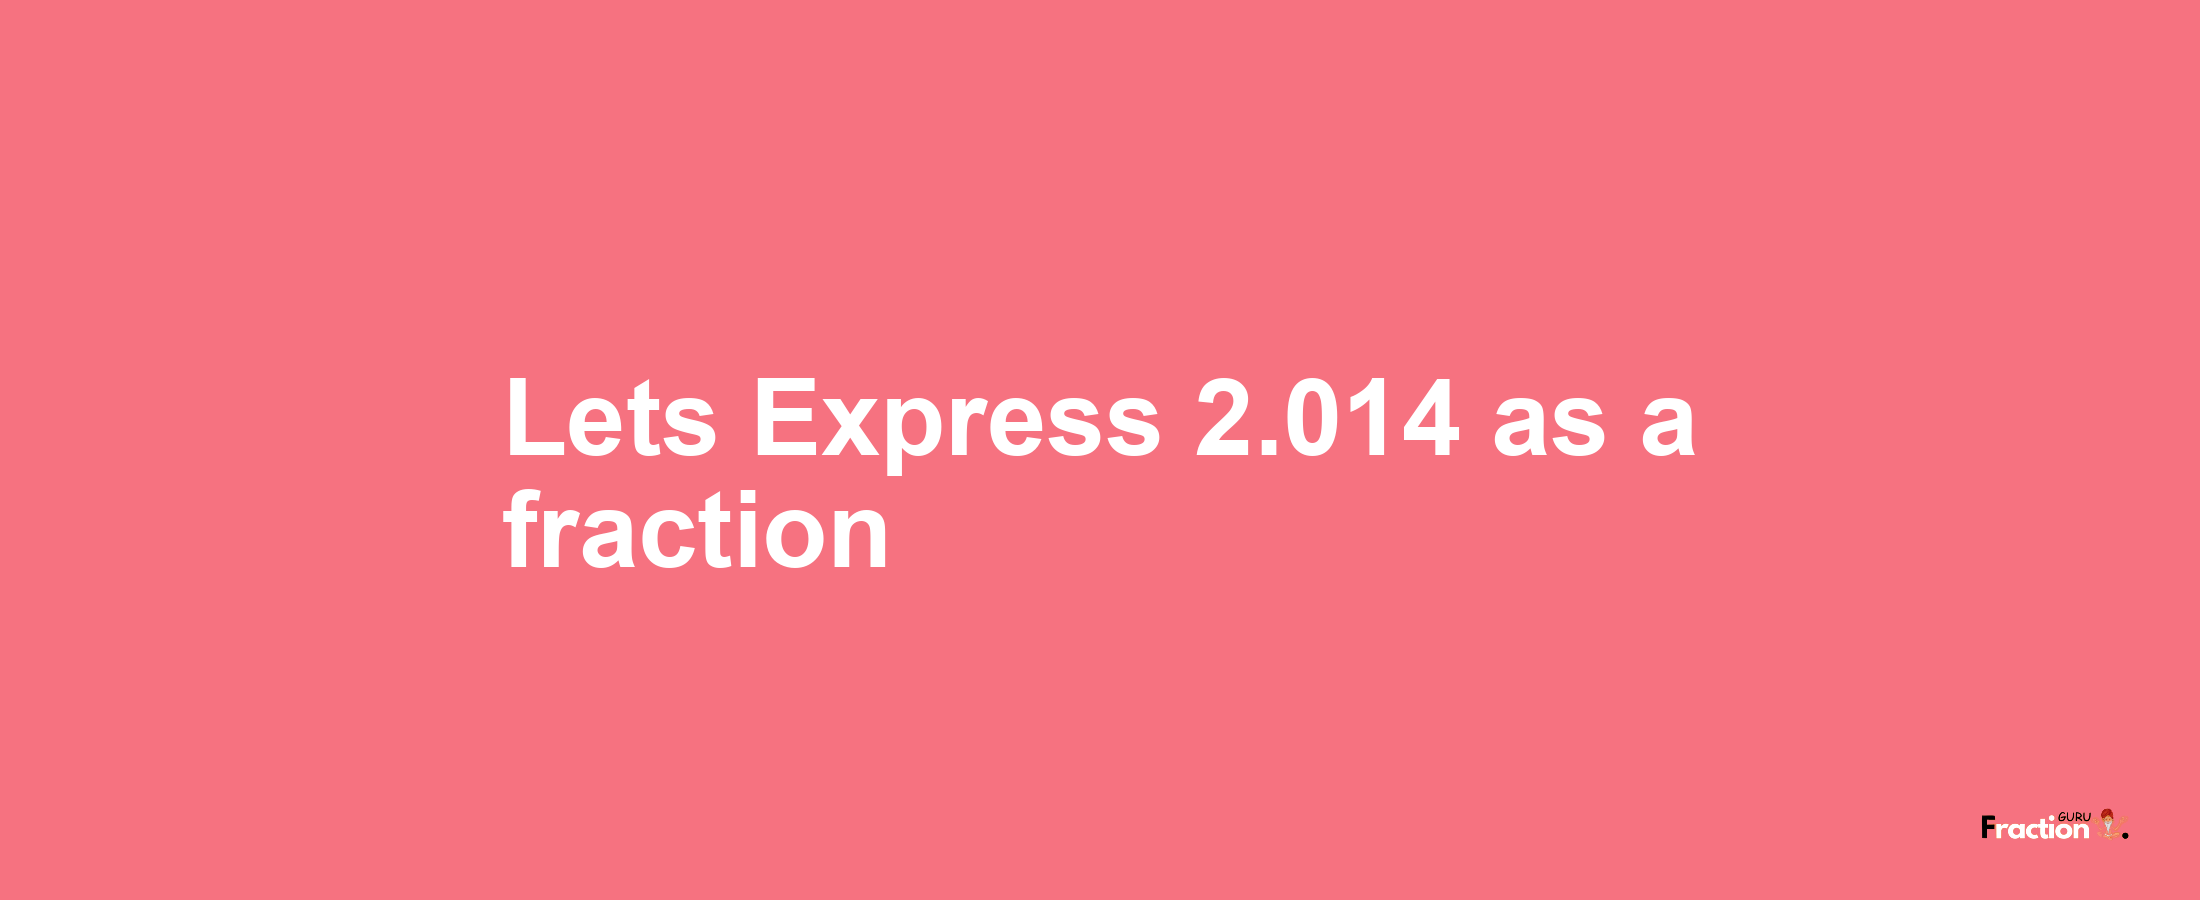 Lets Express 2.014 as afraction
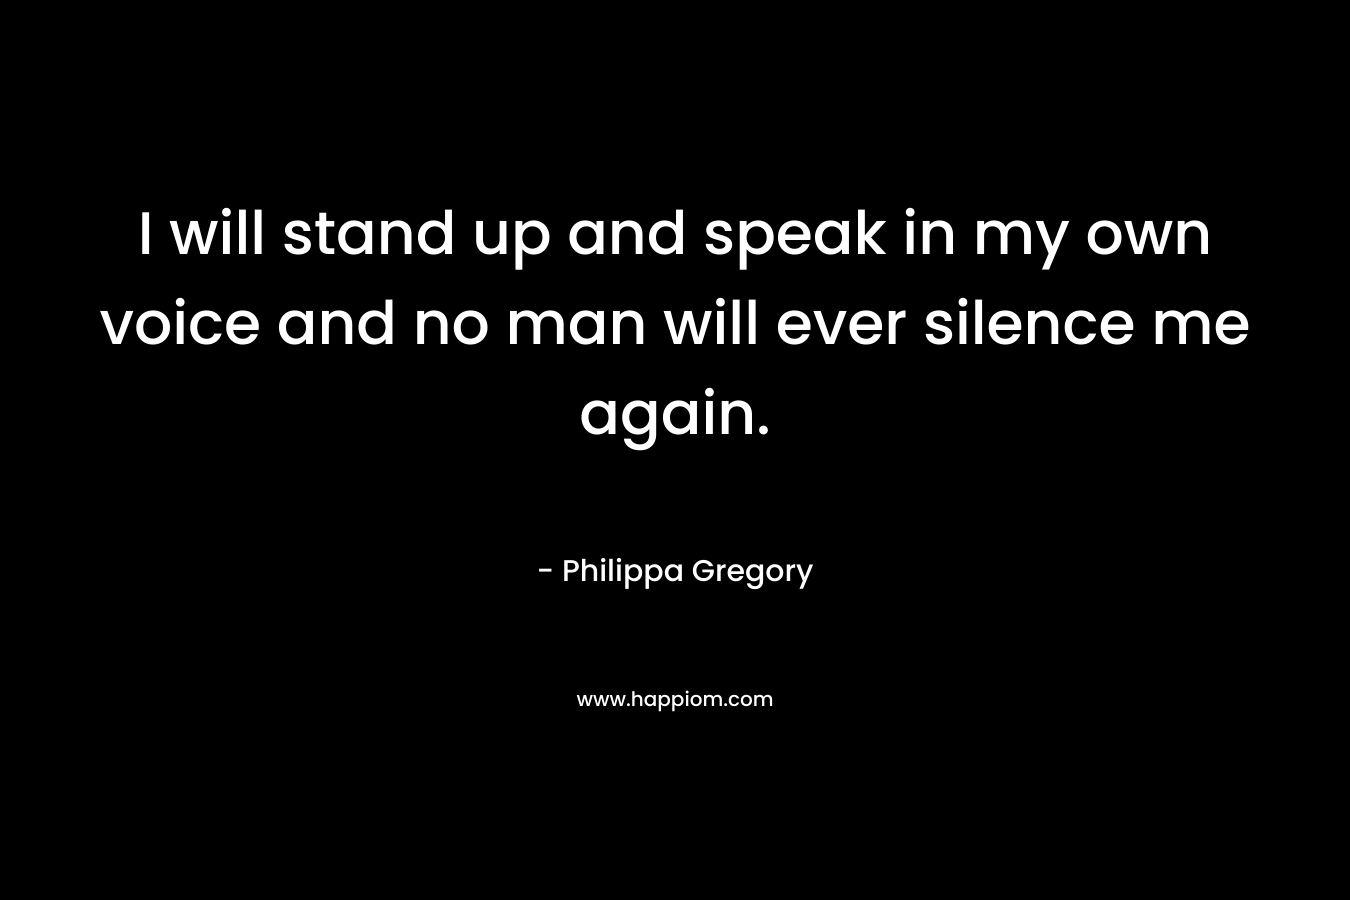 I will stand up and speak in my own voice and no man will ever silence me again.
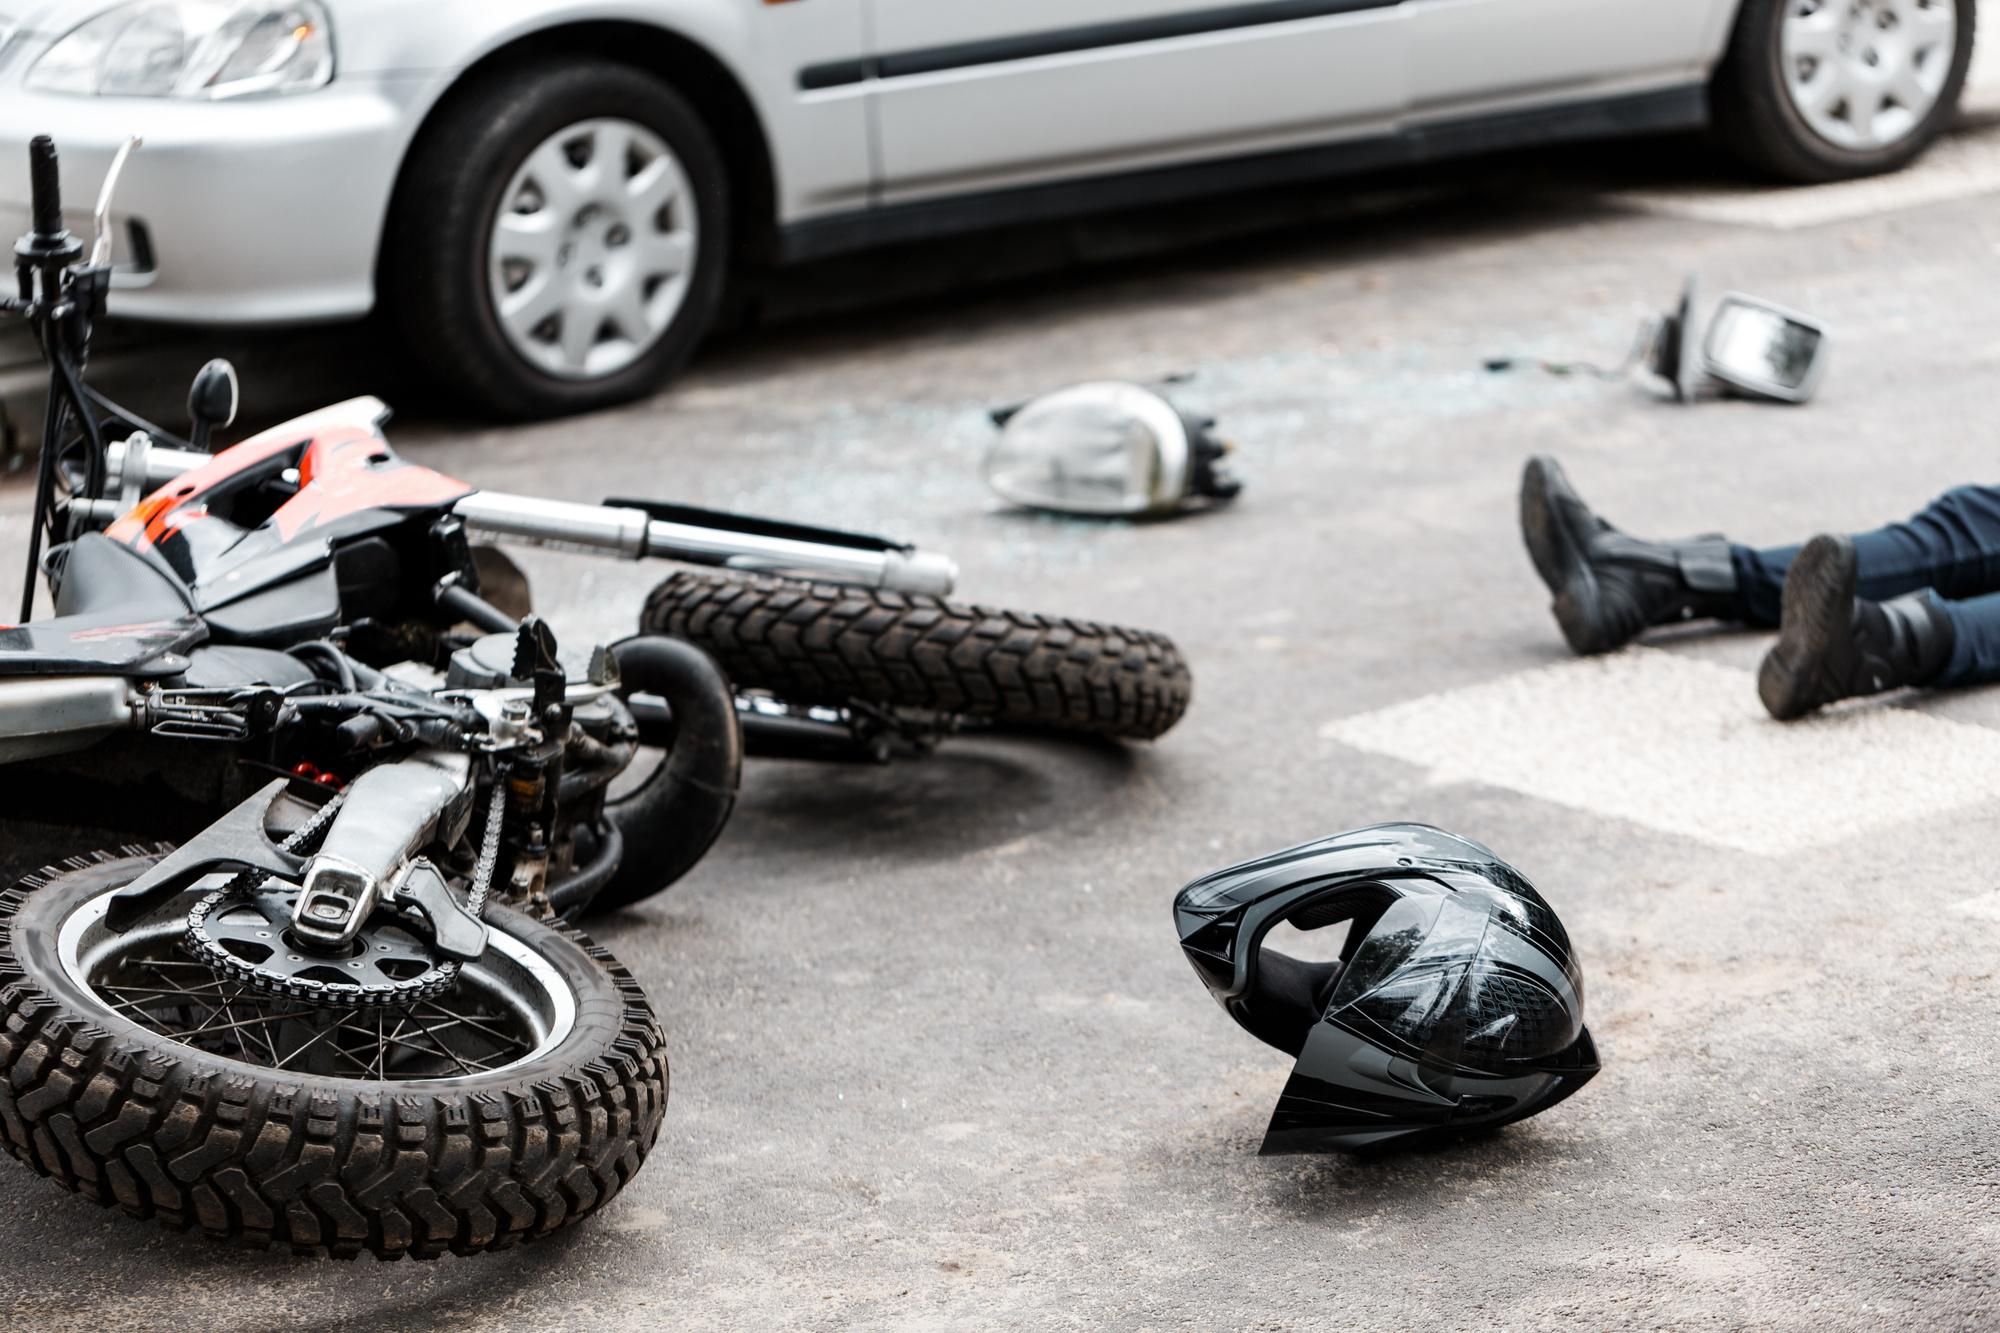 involved in a motorcycle accident

- - -

# ASSIGNMENT
Give back the data exactly. Pictures stay out.

# ANSWER SPACE
 Lets Express 2.014 as afraction
 I will stand up and speak in my own voice and no man will ever silence me again.
 involved in a motorcycle accident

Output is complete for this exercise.